• _Entries shown_:
Start of Block

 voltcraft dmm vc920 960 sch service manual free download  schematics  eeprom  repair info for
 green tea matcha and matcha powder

End of Block
Start of Block

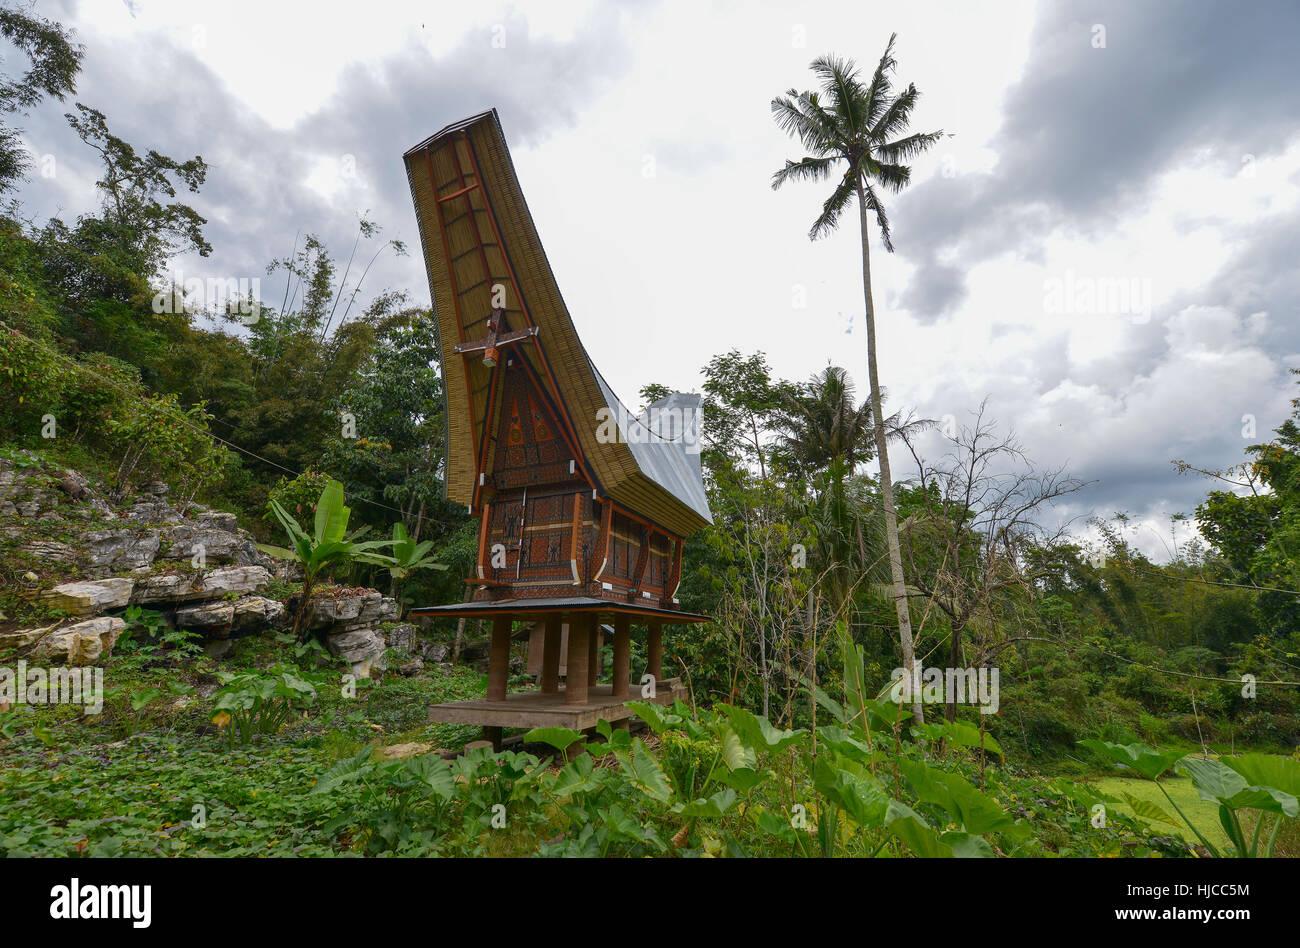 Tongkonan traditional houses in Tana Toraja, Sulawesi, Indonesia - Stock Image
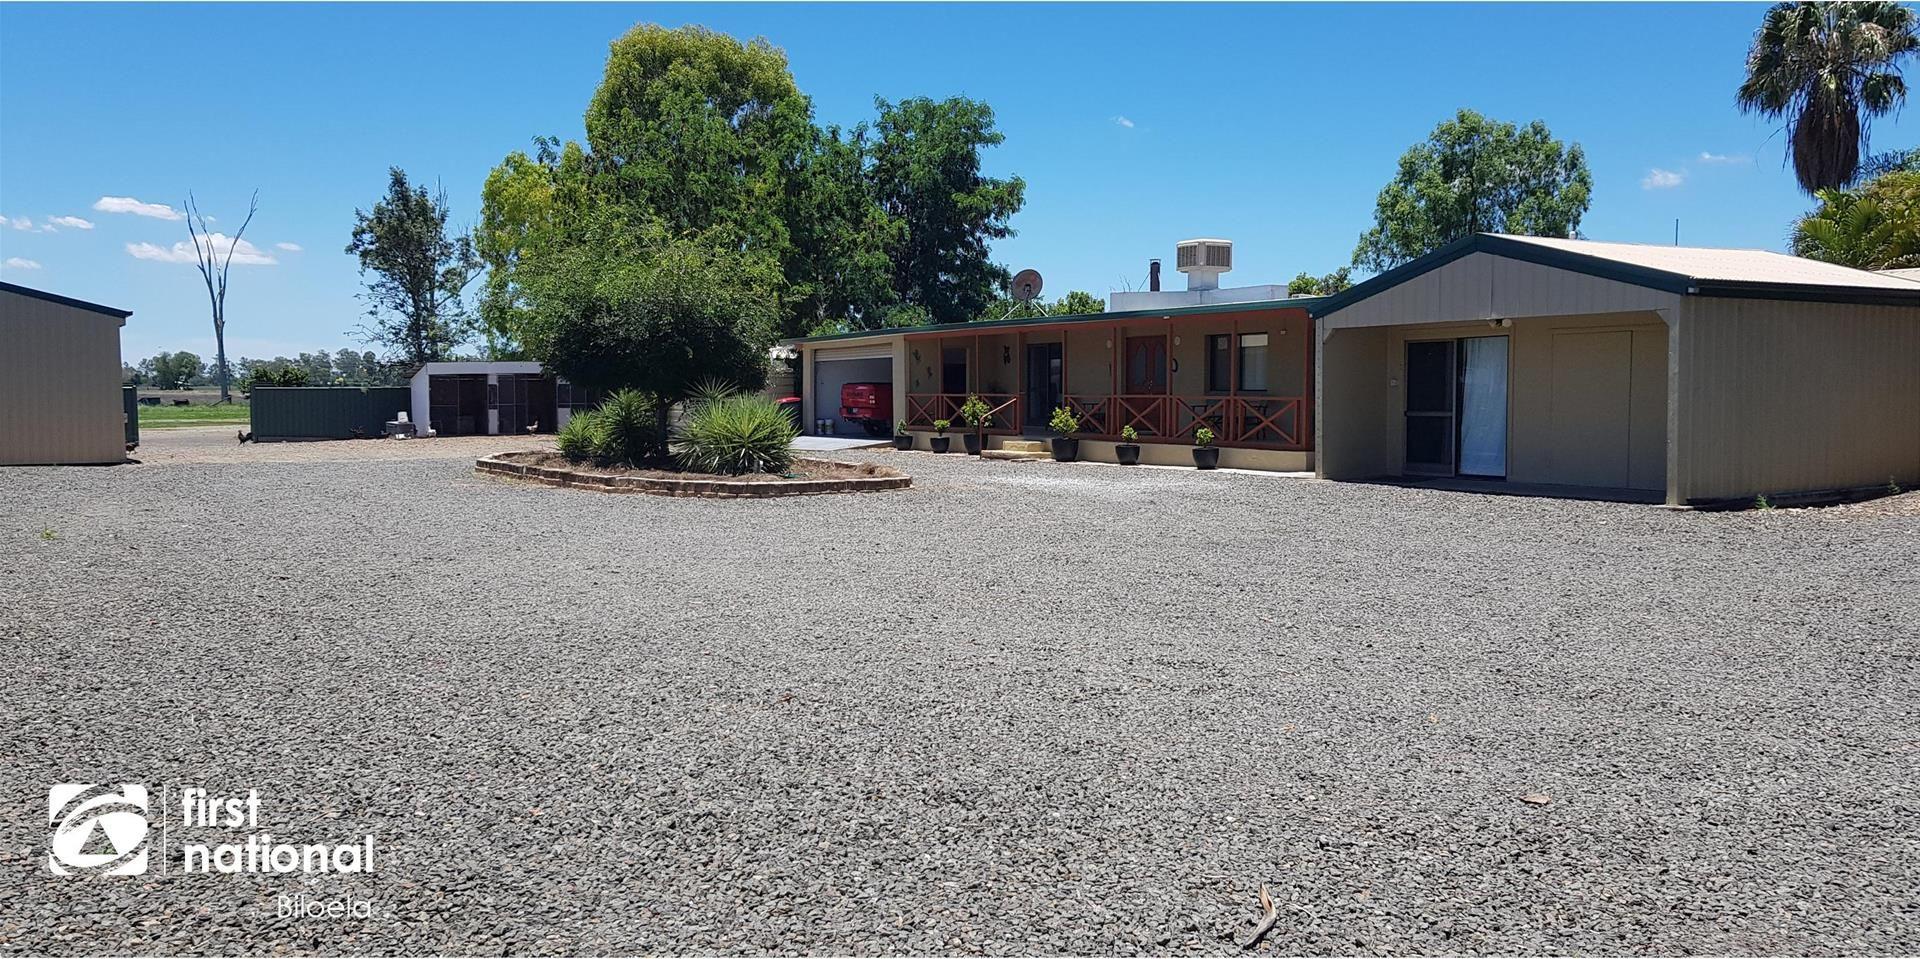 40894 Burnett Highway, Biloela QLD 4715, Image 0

End of Block

• _What to do_: Once you find the line with "voltcraft dmm vc920" above, print it and every line after it up to and including the line with "green tea matcha and matcha powder", exactly as written and nothing else.

• _Solution to the problem_:
 voltcraft dmm vc920 960 sch service manual free download  schematics  eeprom  repair info for
 green tea matcha and matcha powder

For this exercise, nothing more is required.